- THE PROBLEM:
Could you retype the lines below, starting at the line holding "Join us in a fiesta @elchapostacosdxb 💃⁣" and stopping at the line holding "#Mexicanoasis #elchapostacos", inclusive? Copy them exactly and drop the images.

--- INPUT DATA Enclosed Below ---

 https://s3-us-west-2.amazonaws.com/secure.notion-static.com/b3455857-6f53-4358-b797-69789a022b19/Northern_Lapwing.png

--- End of Enclosed INPUT DATA ---
--- INPUT DATA Enclosed Below ---

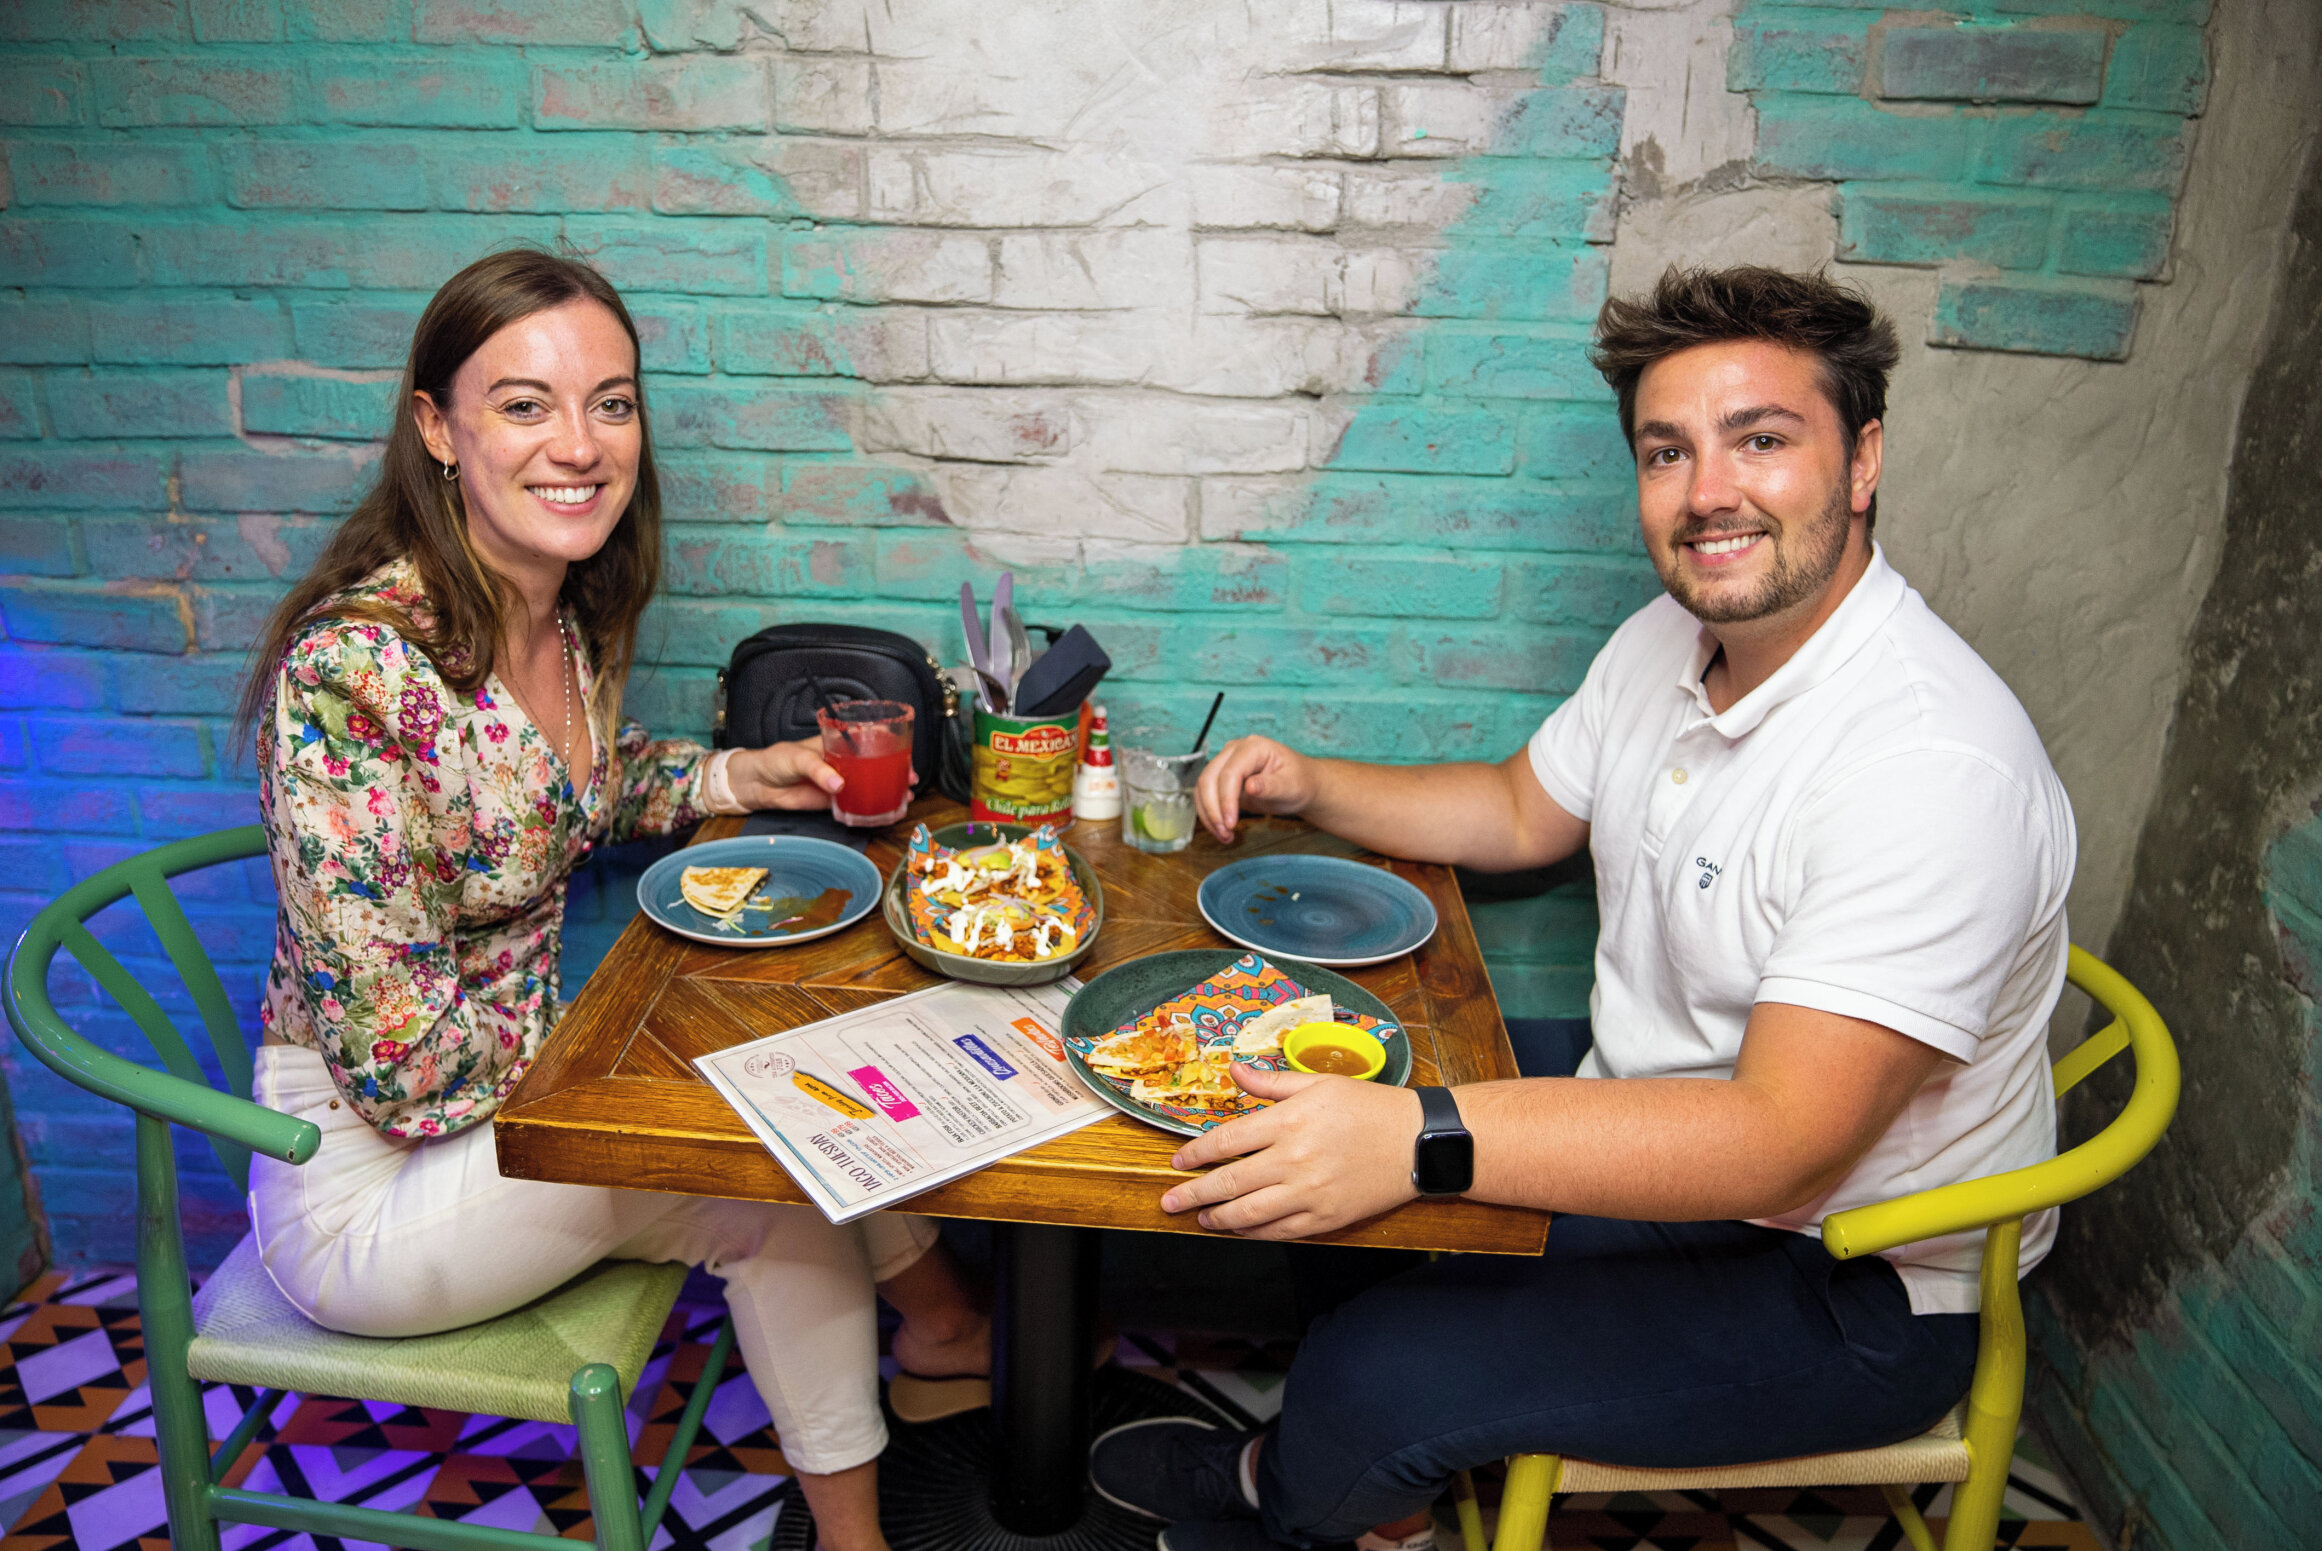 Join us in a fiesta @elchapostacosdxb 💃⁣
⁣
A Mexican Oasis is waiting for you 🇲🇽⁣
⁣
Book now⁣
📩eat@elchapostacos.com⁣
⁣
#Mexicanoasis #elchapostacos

--- End of Enclosed INPUT DATA ---

- RESULT BELOW:
 Join us in a fiesta @elchapostacosdxb 💃⁣
⁣
A Mexican Oasis is waiting for you 🇲🇽⁣
⁣
Book now⁣
📩eat@elchapostacos.com⁣
⁣
#Mexicanoasis #elchapostacos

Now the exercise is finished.